**YOUR GOAL:** Nothing but the lines below from the one with "Daniels Powerpoint Presentation" through the one with "Lululemon Love Crew T-Shirt - Pink Lychee" should be output, each exactly as given, and no pictures.

**PROVIDED ENTRIES:**
___

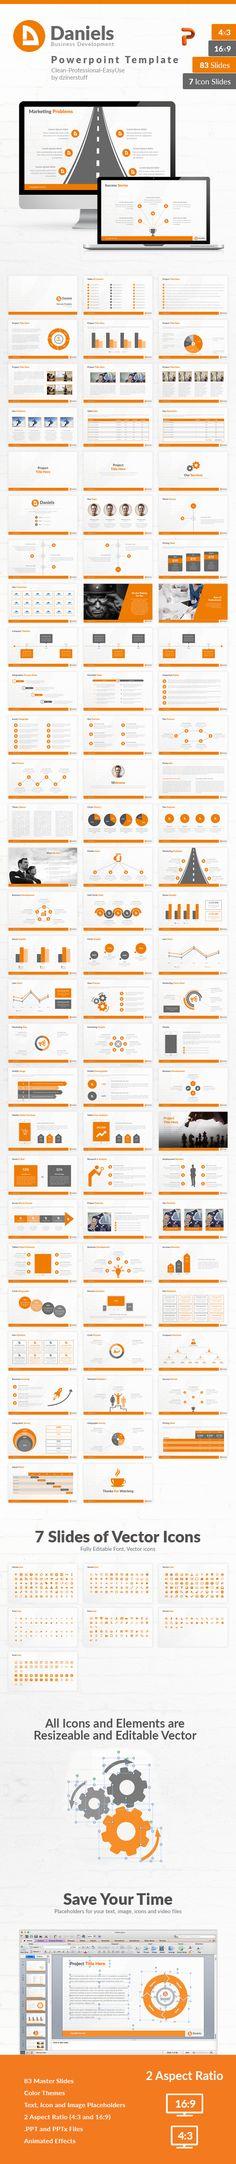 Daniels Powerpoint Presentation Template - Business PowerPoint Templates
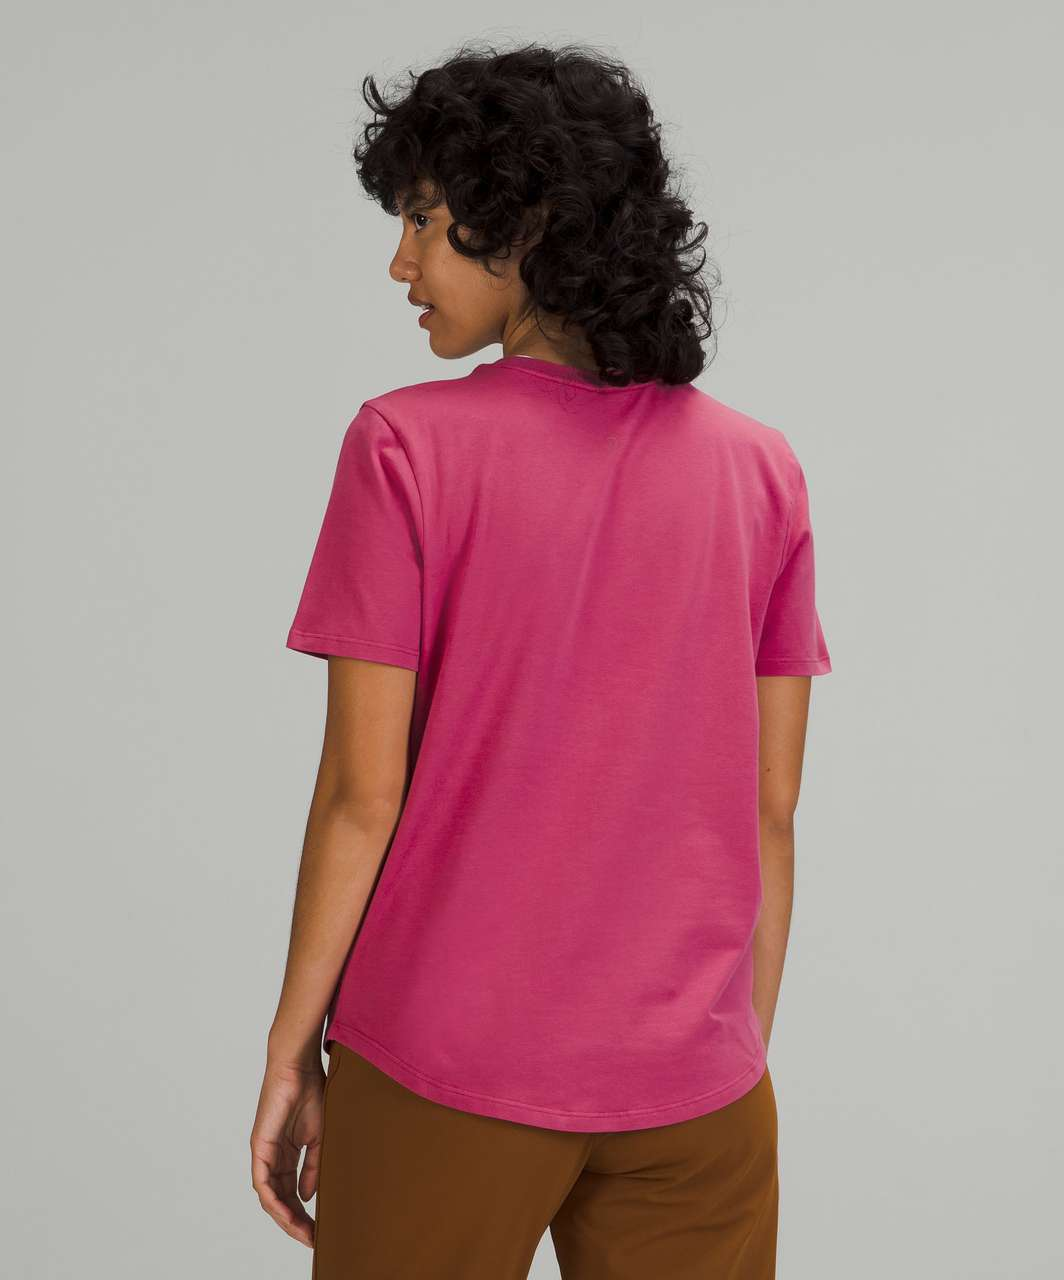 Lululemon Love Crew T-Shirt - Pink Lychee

___

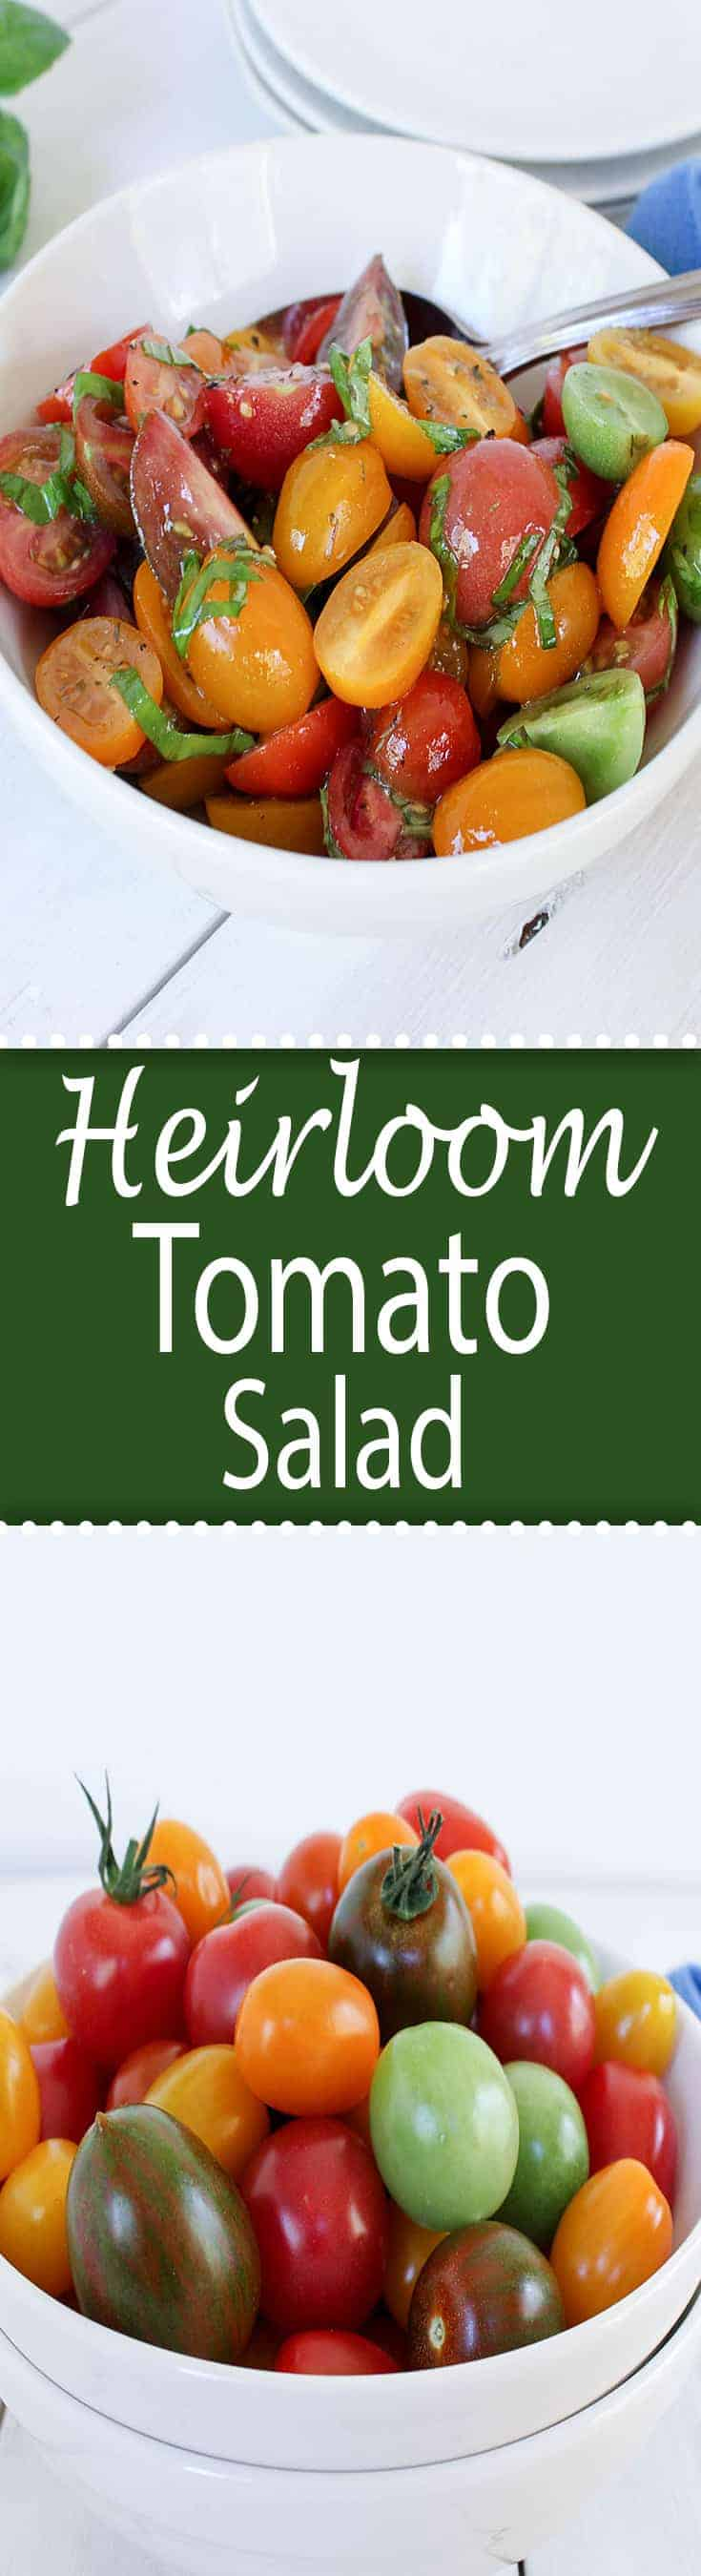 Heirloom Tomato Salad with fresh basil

___

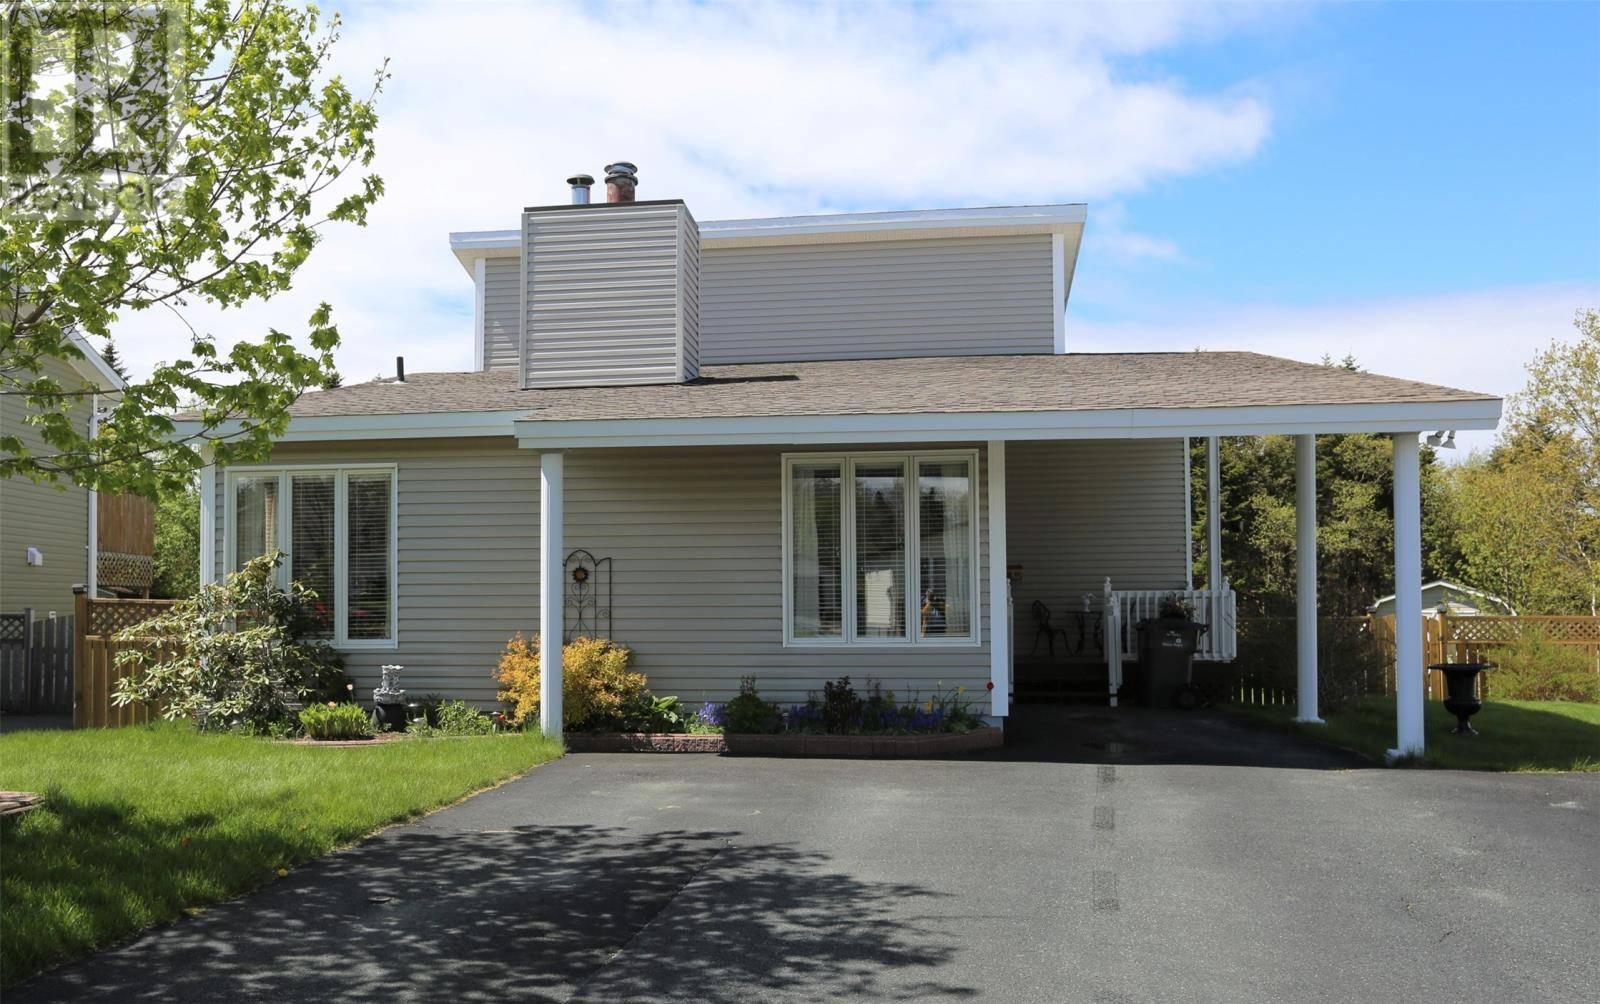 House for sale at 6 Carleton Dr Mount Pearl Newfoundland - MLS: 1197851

___

**FINAL ANSWER:**
 Daniels Powerpoint Presentation Template - Business PowerPoint Templates
 Lululemon Love Crew T-Shirt - Pink Lychee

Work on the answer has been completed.